Produce a verbatim copy of the data below that contains no pictures.

DATASET SECTION:
--------

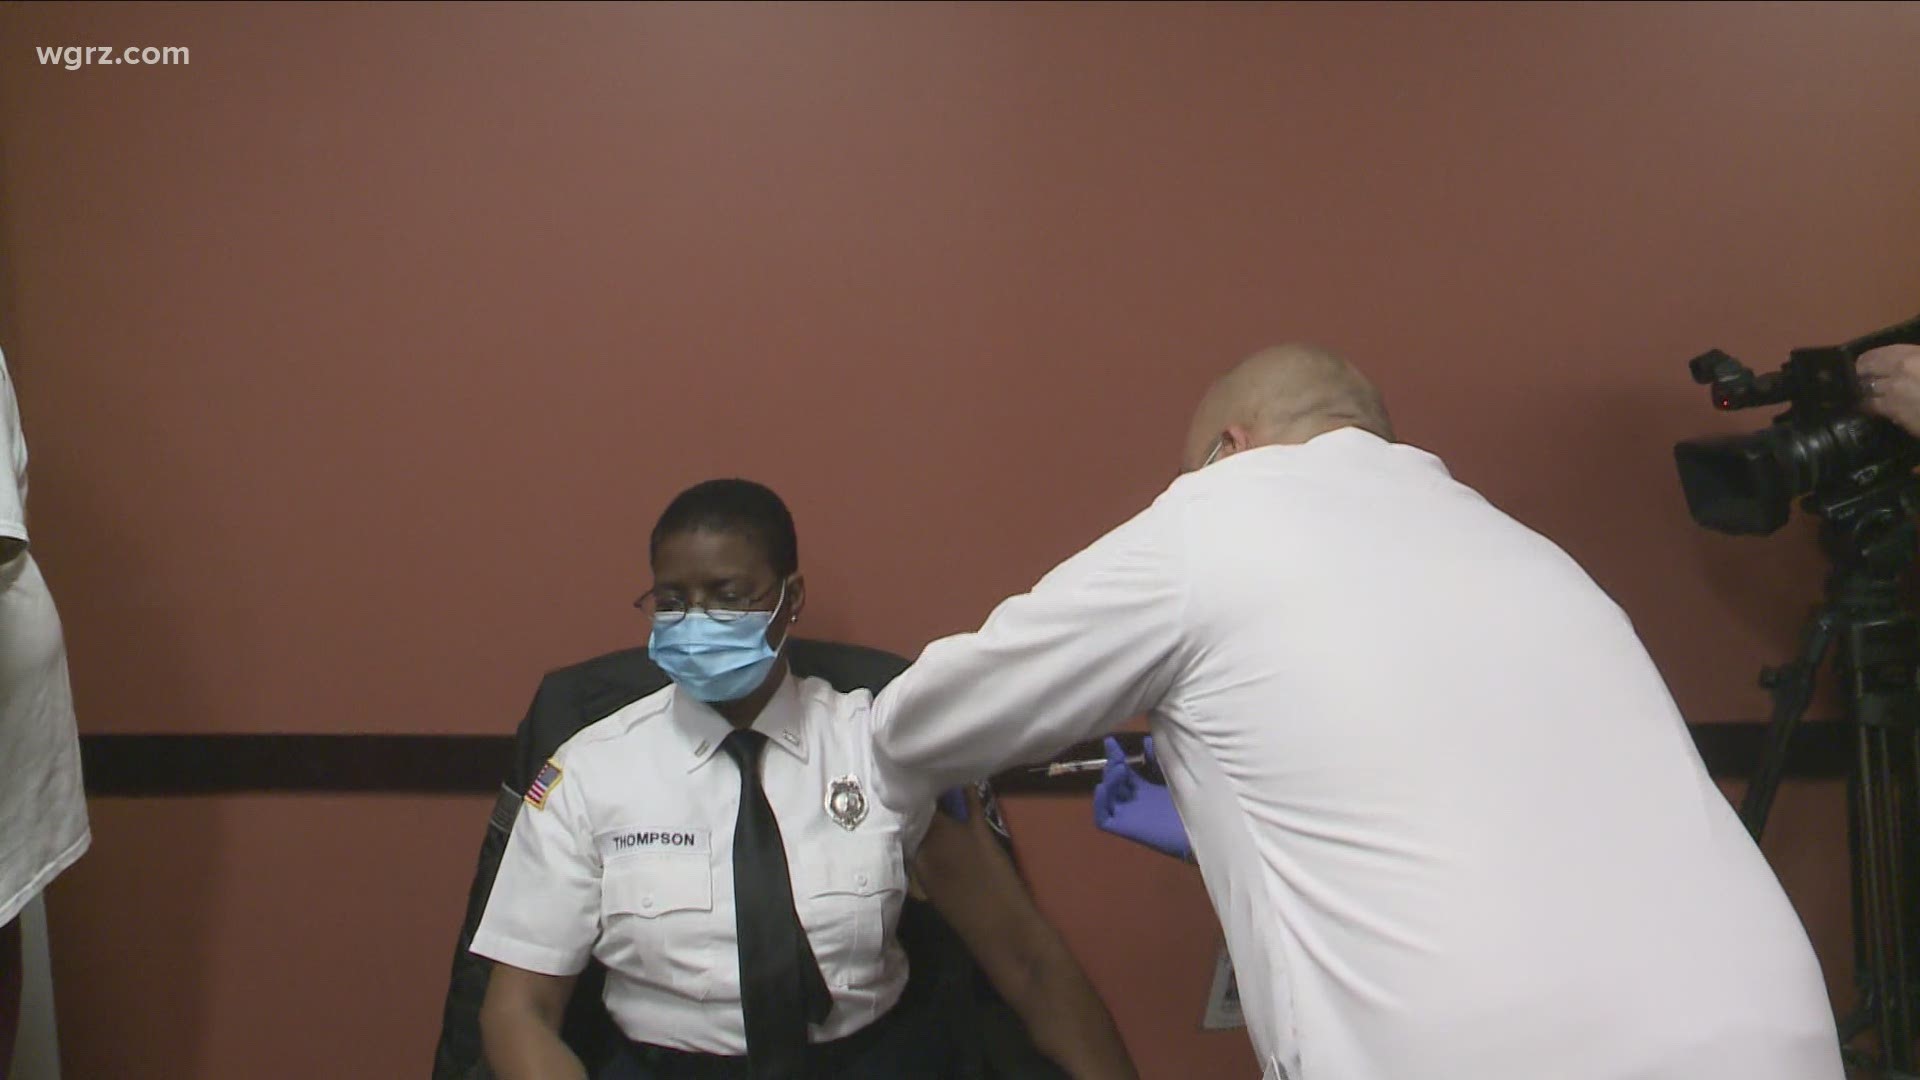 At Urban Family Practice on Buffalo's West Side, Buffalo Fire higher ups got the Moderna vaccine. 
The department has been in the process of vaccinating firefighters
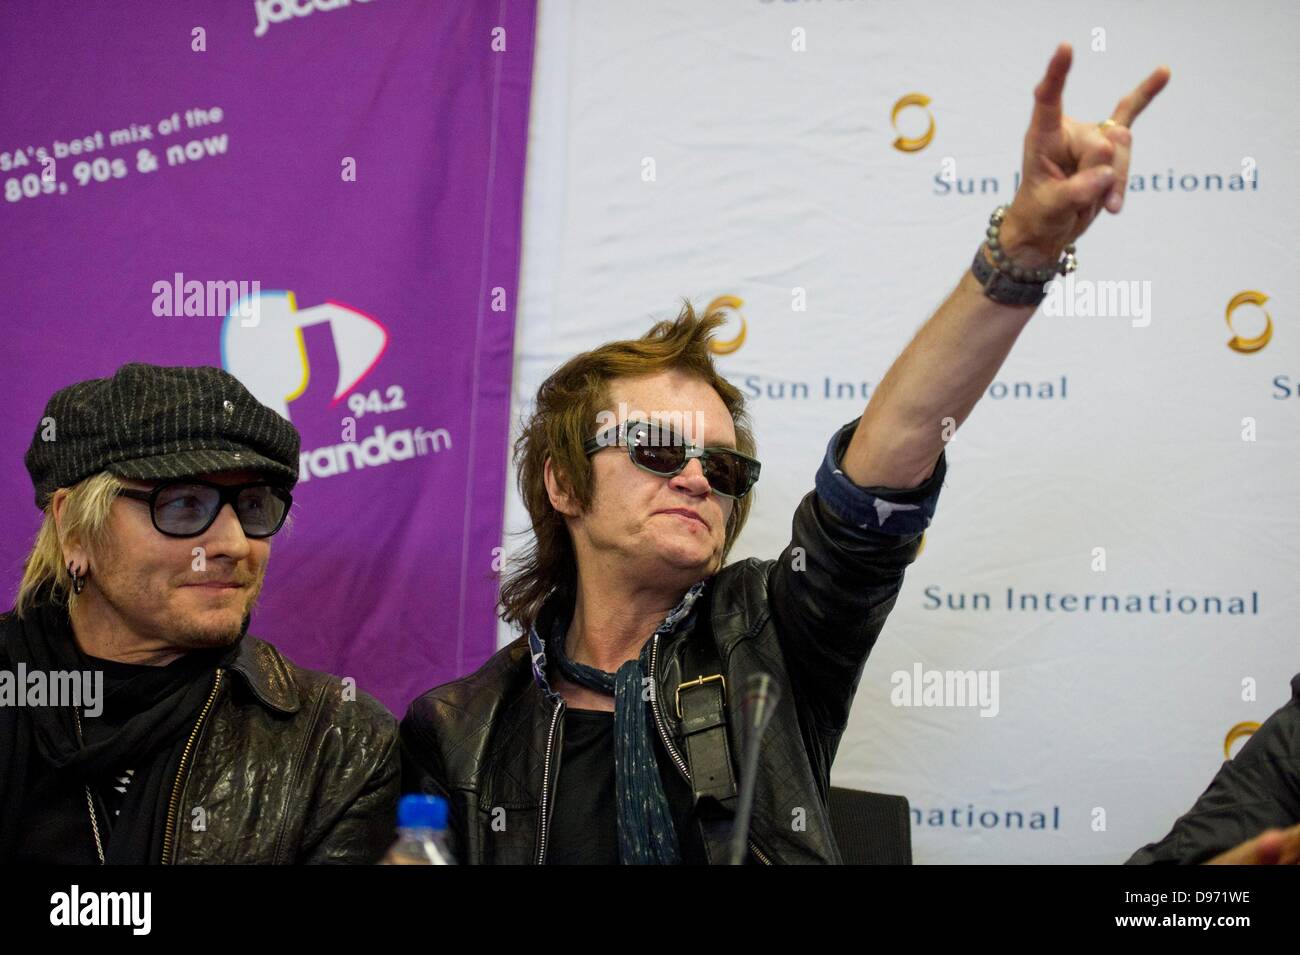 Johannesburg, South Africa. June 12, 2013.  Matt Sorum and Glen Hughes at the Jacaranda FM studios on June 12, 2013, in Johannesburg, South Africa. Kings of Chaos performed in Cape Town on June 8, 2013 and are set to perform in Johannesburg on June 15 and 16, 2013. Credit:  Gallo images/Alamy Live News Stock Photo

--------

THE ANSWER:
 At Urban Family Practice on Buffalo's West Side, Buffalo Fire higher ups got the Moderna vaccine. 
The department has been in the process of vaccinating firefighters
 Johannesburg, South Africa. June 12, 2013.  Matt Sorum and Glen Hughes at the Jacaranda FM studios on June 12, 2013, in Johannesburg, South Africa. Kings of Chaos performed in Cape Town on June 8, 2013 and are set to perform in Johannesburg on June 15 and 16, 2013. Credit:  Gallo images/Alamy Live News Stock Photo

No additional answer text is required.